The Result object is returned by a non-linear search after running the following code:

result = search.fit(model=model, analysis=analysis)

The result can be can be customized to include additional information about the model-fit that is specific to your model-fitting problem.

For example, for fitting 1D profiles, the Result could include the maximum log likelihood model 1D data:

print(result.max_log_likelihood_model_data_1d)

In other examples, this quantity has been manually computed after the model-fit has completed.

The custom result API allows us to do this. First, we define a custom Result class, which includes the property max_log_likelihood_model_data_1d.

class ResultExample(af.Result):

    @property
    def max_log_likelihood_model_data_1d(self) -> np.ndarray:
        """
        Returns the maximum log likelihood model's 1D model data.

        This is an example of how we can pass the `Analysis` class a custom `Result` object and extend this result
        object with new properties that are specific to the model-fit we are performing.
        """
        xvalues = np.arange(self.analysis.data.shape[0])

        return self.instance.model_data_1d_via_xvalues_from(instance=xvalues)

The custom result has access to the analysis class, meaning that we can use any of its methods or properties to compute custom result properties.

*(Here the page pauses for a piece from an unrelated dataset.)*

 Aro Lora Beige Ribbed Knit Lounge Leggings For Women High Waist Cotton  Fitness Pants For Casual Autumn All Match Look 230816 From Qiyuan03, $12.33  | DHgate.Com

To make it so that the ResultExample object above is returned by the search we overwrite the Result class attribute of the Analysis and define a make_result object describing what we want it to contain:

class Analysis(af.Analysis):

    """
    This overwrite means the `ResultExample` class is returned after the model-fit.
    """
    Result = ResultExample

    def __init__(self, data, noise_map):
        """
        An Analysis class which illustrates custom results.
        """
        super().__init__()

        self.data = data
        self.noise_map = noise_map

    def log_likelihood_function(self, instance):
        """
        The `log_likelihood_function` is identical to the example above
        """
        xvalues = np.arange(self.data.shape[0])

        model_data = instance.model_data_1d_via_xvalues_from(xvalues=xvalues)
        residual_map = self.data - model_data
        chi_squared_map = (residual_map / self.noise_map) ** 2.0
        chi_squared = sum(chi_squared_map)
        noise_normalization = np.sum(np.log(2 * np.pi * noise_map**2.0))
        log_likelihood = -0.5 * (chi_squared + noise_normalization)

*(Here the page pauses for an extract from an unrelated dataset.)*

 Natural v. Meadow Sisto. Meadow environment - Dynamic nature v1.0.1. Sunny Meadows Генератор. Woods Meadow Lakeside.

        return log_likelihood

    def make_result(
        self,
        samples_summary: af.SamplesSummary,
        paths: af.AbstractPaths,
        samples: Optional[af.SamplesPDF] = None,
        search_internal: Optional[object] = None,
        analysis: Optional[object] = None,
    ) -> Result:
        """
        Returns the `Result` of the non-linear search after it is completed.

        The result type is defined as a class variable in the `Analysis` class (see top of code under the python code
        `class Analysis(af.Analysis)`.

        The result can be manually overwritten by a user to return a user-defined result object, which can be extended
        with additional methods and attribute specific to the model-fit.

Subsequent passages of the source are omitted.